A group of protestors calling for a fracking ban, dressed in yellow t-shirts and holding placards.

Fracking ban exposes embattled PM to new attack from Tory MPs

Downing Street Economy Environment Policy & Politics

Boris Johnson is under fresh attack from his own backbenches after his government announced a fracking ban.

Tory MPs and members of the Lords have denounced the ban as unconservative while claiming fracking would help Britain avoid future energy crises and massive price hikes.

More than 30 Tory rebels – including former Brexit minister Lord David Frost – have written to the embattled prime minister, insisting it is “time to reverse this moratorium”.

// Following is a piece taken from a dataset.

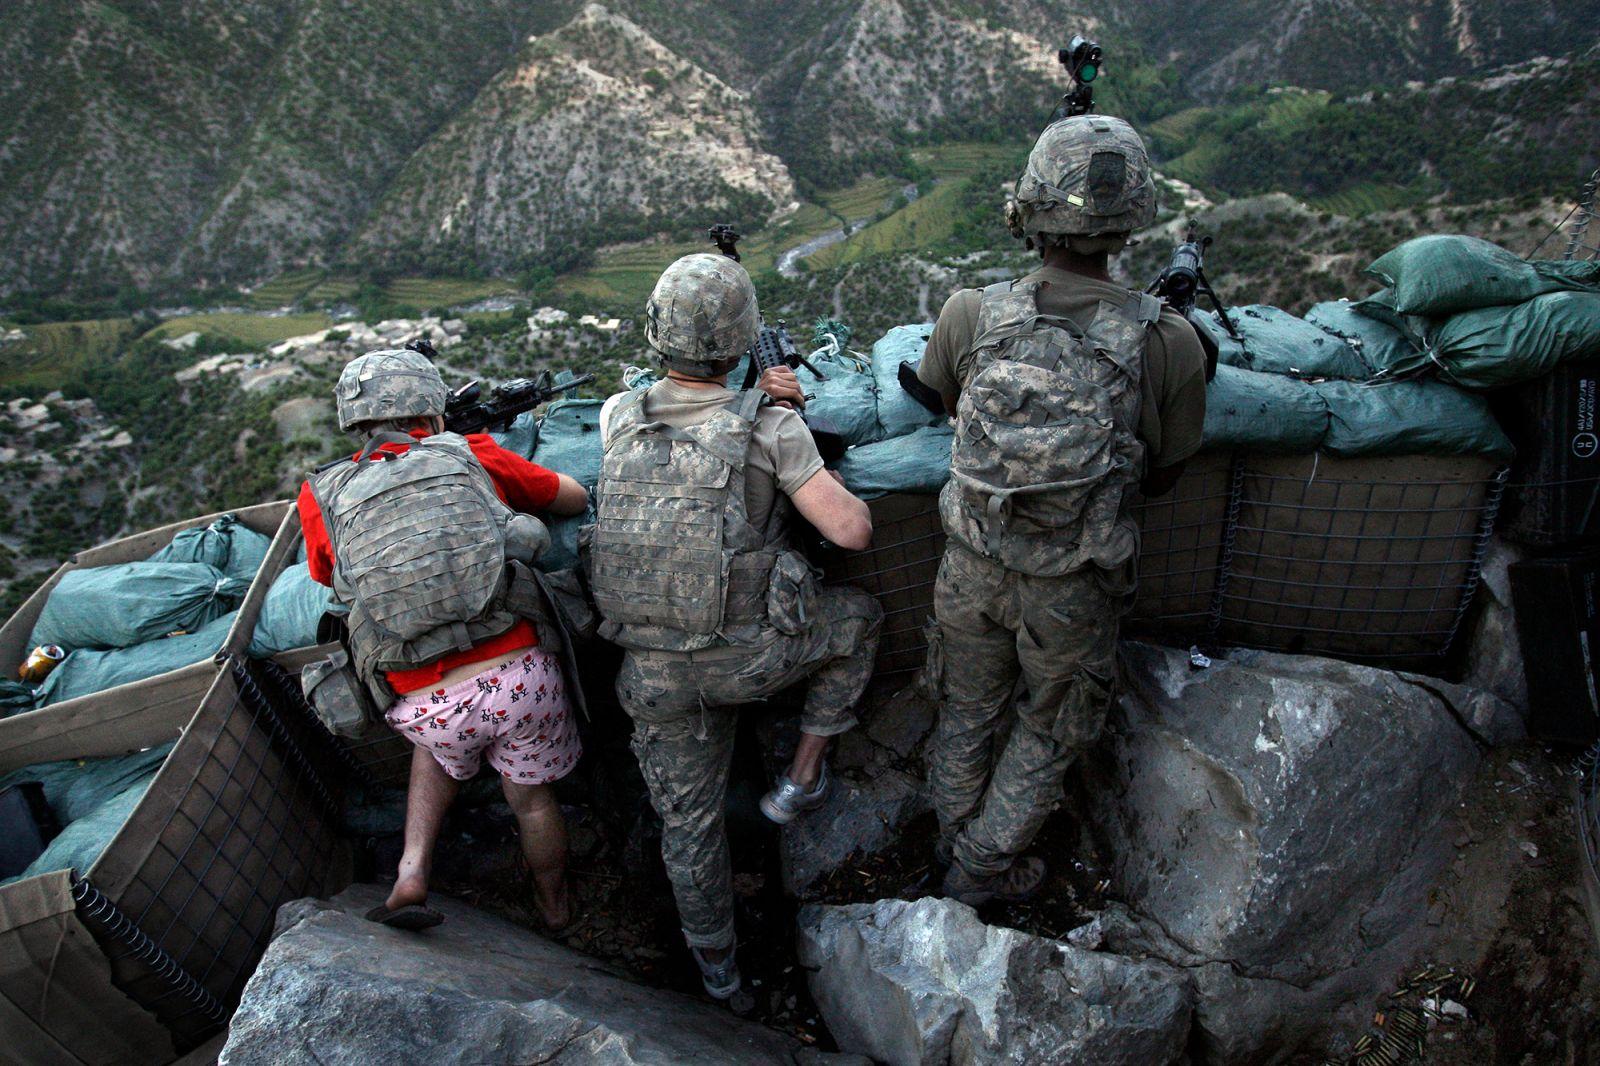 پوشش عجیب سرباز آمریکایی در یکی از مواضع دفاعی در افغانستان + عکس
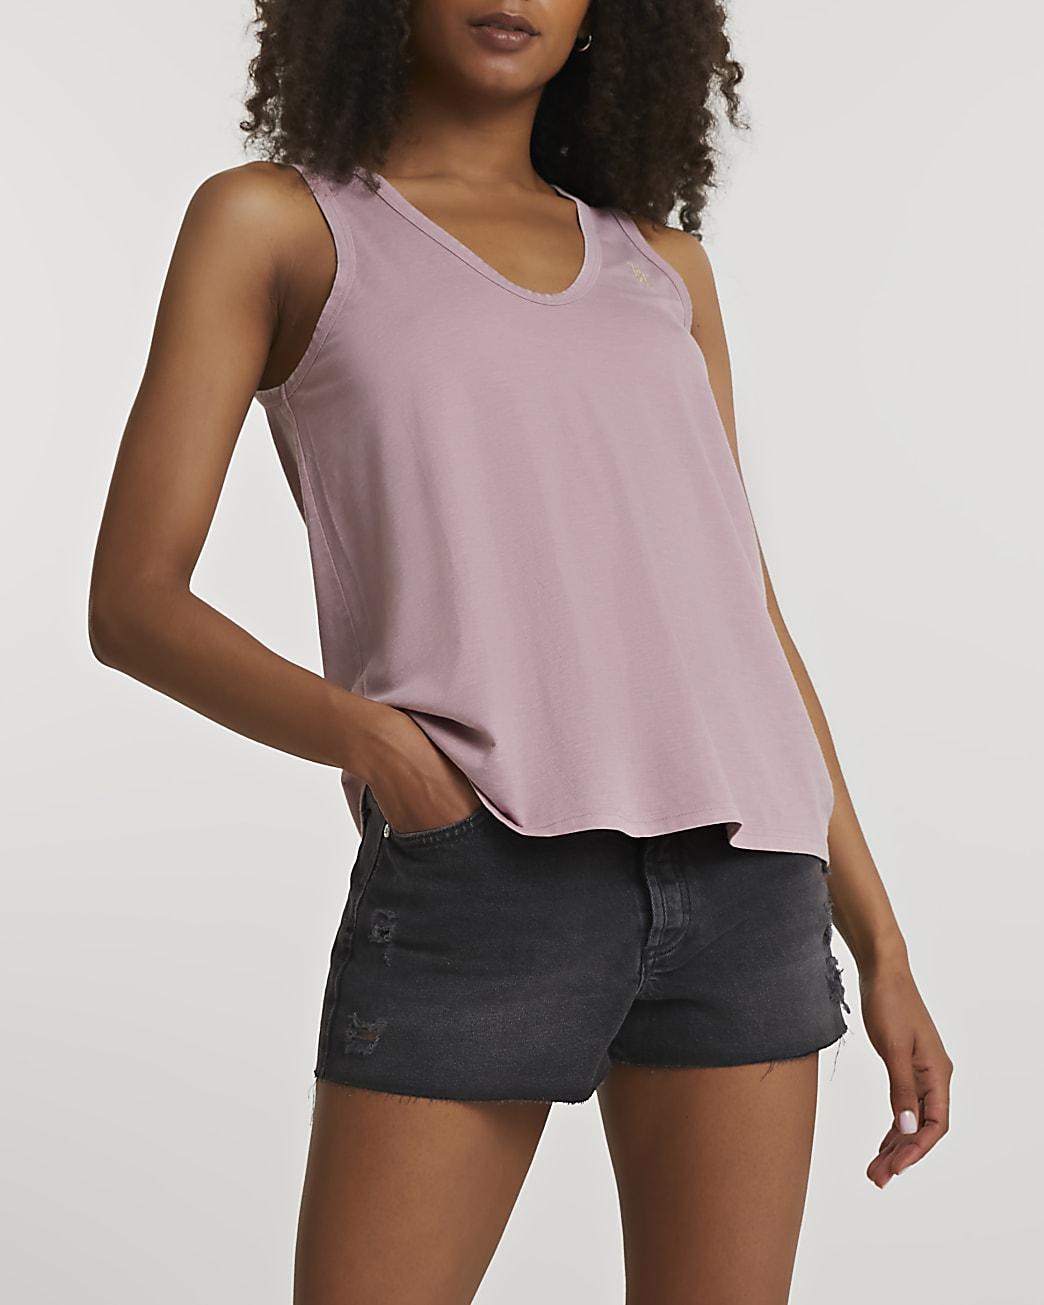 Pink v-neck tank top

Doing so would herald a “British energy renaissance”, Frost told the Telegraph yesterday (February 12).  “If our economy is to boom after Brexit, British industry needs a competitive and reliable source of energy which we hold in our own hands and brings investment into this country. Shale gas production achieves all this and more.”

Fracking ban ‘not thought through’, claims Cuadrilla

Shale gas company Cuadrilla was ordered to plug and abandon its two wells in Lancashire by the government’s industry regulator, the Oil and Gas Authority (OGA) last week.

Francis Egan, the CEO of Cuadrilla said he believes the decision has not “been properly thought through”.

Egan claims the fracking ban will “make reducing global emissions even harder” because importing gas produces “far higher” emissions “than those from home-produced shale gas.”

However, climate campaigners have welcomed it, saying the UK must avoid the “lock-in” to burning fossil fuels that projects such as Cuadrilla’s define.

The moratorium on UK shale gas production was imposed by the government in 2019 following concerns about tremors and earthquakes following fracking.

Although the OGA’s report said it is not currently possible to forecast the magnitude or probability of earthquakes linked to fracking, it said its decision was “on the basis of disturbance caused to residents living near” the site in Lancashire.

Fracking ban based on scientific evidence

“The development of domestic energy sources, including fracking, must be safe and cause minimal disruption and damage,” said a spokesperson for the Department for Business, Energy and Industrial Strategy.

“We ended support for fracking on the basis of scientific evidence, showing that it is not currently possible to accurately predict the probability and size of tremors associated with fracking. Shale gas remains unproven as a resource in the UK.”

The decision has not deterred the Tory MPs or peers who make up the Conservative Net Zero Scrutiny Group (NZSG).

In their letter to Johnson, the NZSG claim shale gas mining would “allow us to combat the cost of living crisis, level up, create jobs, opportunity and a renewed sense of community in the north, improve our energy security, reduce our reliance on imported gas, stabilise energy prices and achieve net zero without increasing the cost of living for already hard-pressed working families.”

The group has been accused of trying to drag climate policies into a culture war. It is a “dangerous new tactic being used by those opposed to addressing the ecological emergency”, Michael Mann, the author and internationally renowned climate expert, told the Guardian. “This is where the frontline of the battle is now, and yes, we do have to push back fiercely on this sort of pernicious disinformation.”

UK gas imports will dramatically increase

Energy imports are rising by £800 million each month according to figures released by the Office for National Statistics. The natural gas deficit has doubled in a year to almost £2 billion per month and the UK’s gas imports are set to “increase dramatically” over the next 30 years, according to the Financial Times – “even if all of the existing North Sea reserves are exploited.”

Domestic oil and gas production is in long-term decline, having peaked 20 years ago. Six North Sea projects were approved in 2021 and up to 10 are seeking approval this year and in 2023.

Forecasts predict the UK will be importing 85% of gas by 2050, up from 70% in 2030.

Johnson’s fracking U-turn

The government’s decision to seal the UK’s only two shale gas wells represents a(nother) major U-turn for the prime minister.

A decade ago Johnson championed fracking – the process of extracting shale gas by rupturing rocks with water –and rallied readers of his column in the Telegraph, to “ignore the doom merchants” and “their mad denunciations of fracking”.

It is the article with the famous line that the “collective oomph” of wave power, solar power and biomass “wouldn’t pull the skin off a rice pudding.”

The opening paragraph could have been written this week with Johnson stating in December 2012: “Here we are in the fifth year of a downturn. We have pensioners battling fuel poverty. We have energy firms jacking up their prices. We have real worries about security of energy supply – a new building like the Shard needs four times as much juice as the entire town of Colchester. “

Johnson adds: “We are therefore increasingly and humiliatingly dependent on Vladimir Putin’s gas or on the atomic power of the French state.”